***** SUPPLIED INFORMATION

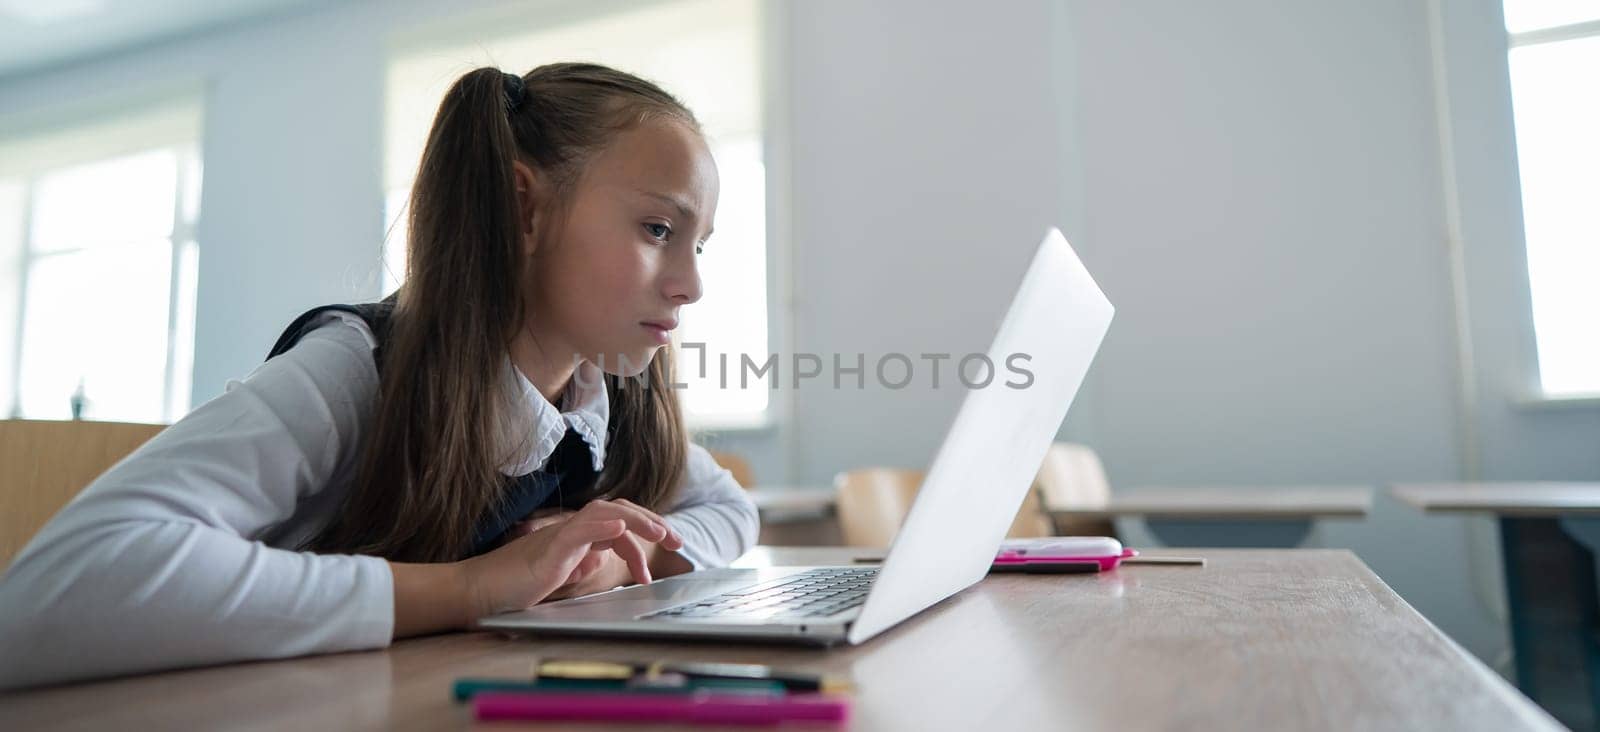 Caucasian girl sits at a desk at school and carefully looks into a laptop
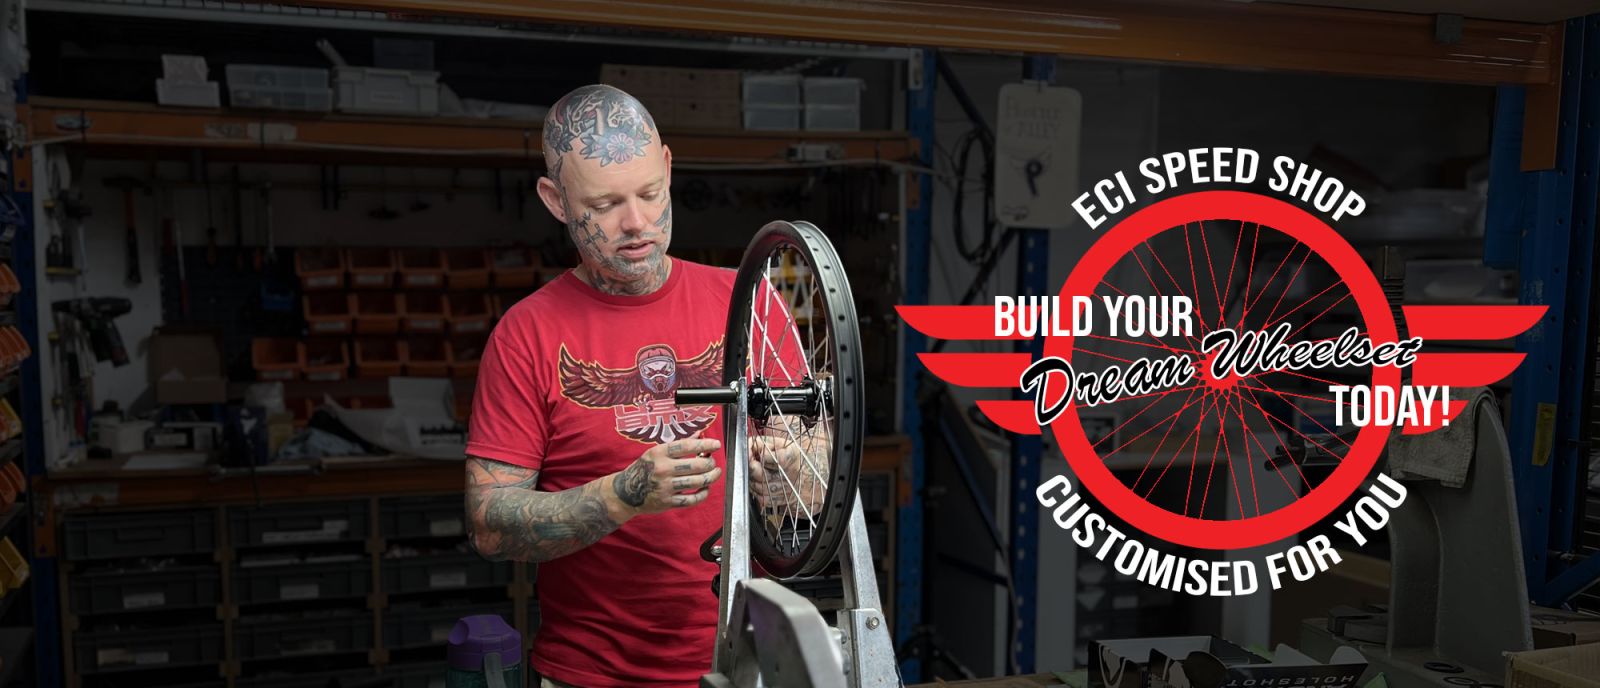 ECI Speed Shop Customs - Build Your Dream Wheelset Today!
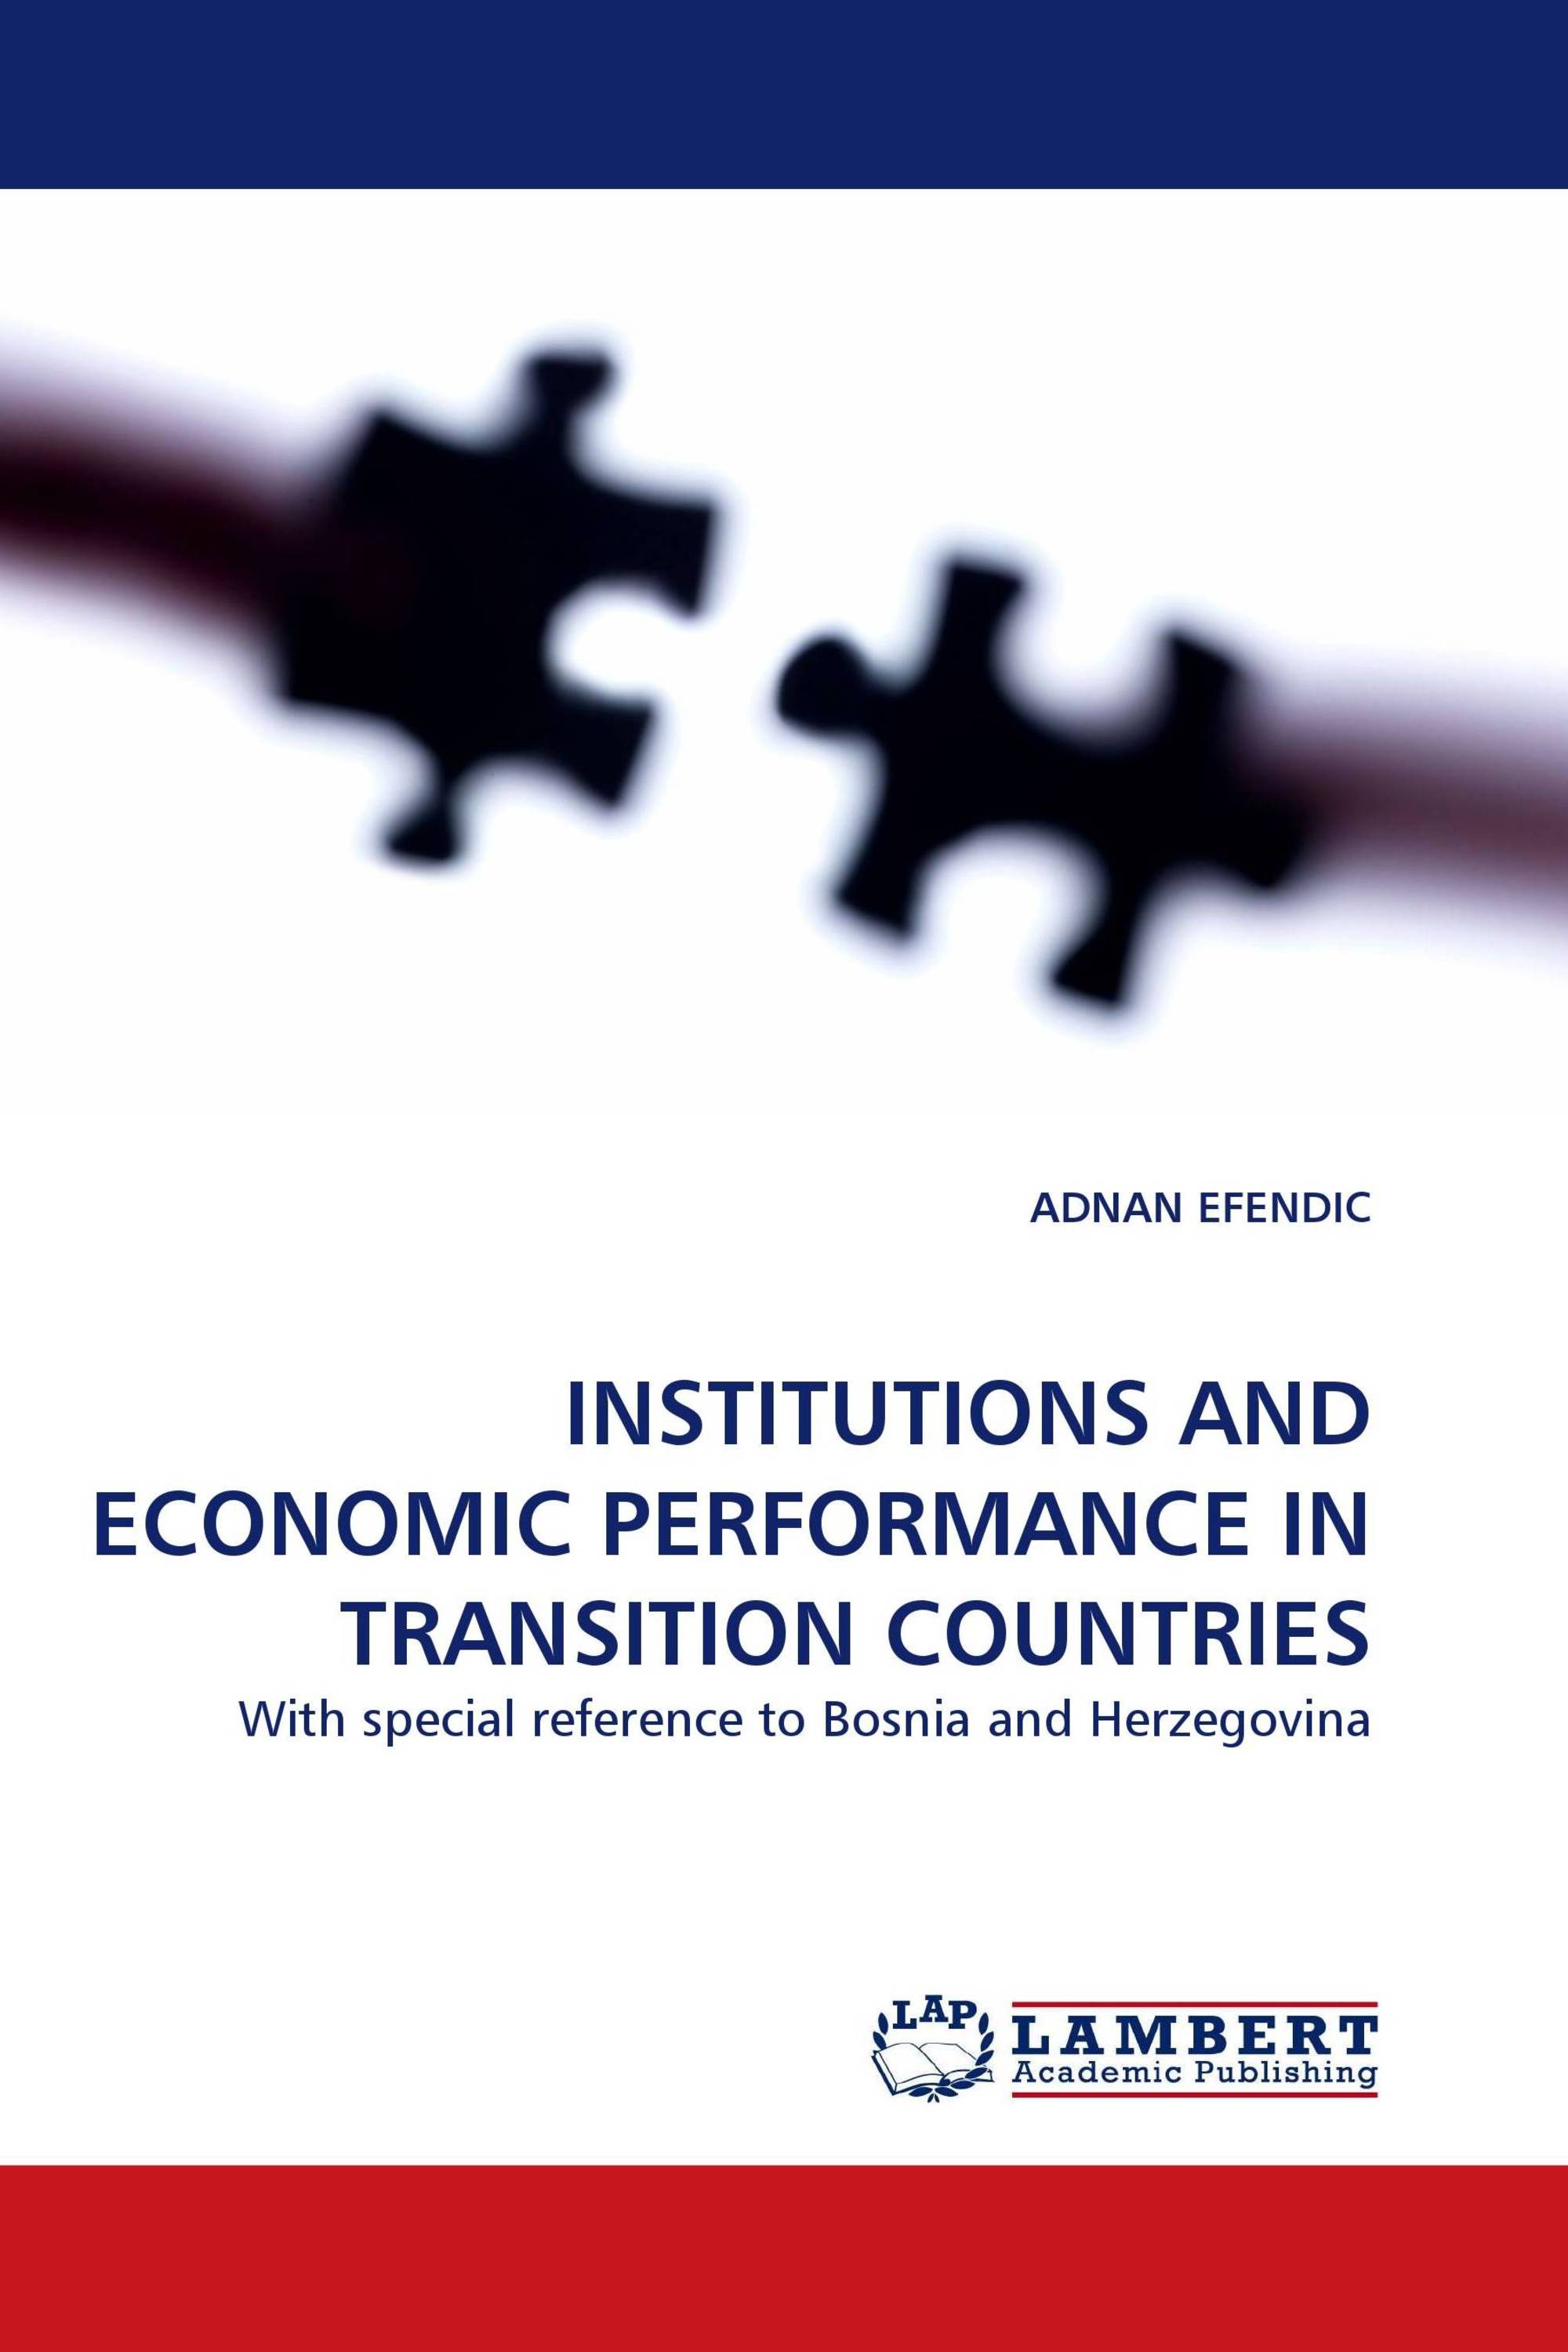 INSTITUTIONS AND ECONOMIC PERFORMANCE IN TRANSITION COUNTRIES

**********

_DIRECTIONS_
From the line that contains "ECI Speed Shop" to the end of the listing, give every line again exactly as written. Leave the pictures out.

_PROBLEM SOLUTION_
 ECI Speed Shop Customs - Build Your Dream Wheelset Today!
 INSTITUTIONS AND ECONOMIC PERFORMANCE IN TRANSITION COUNTRIES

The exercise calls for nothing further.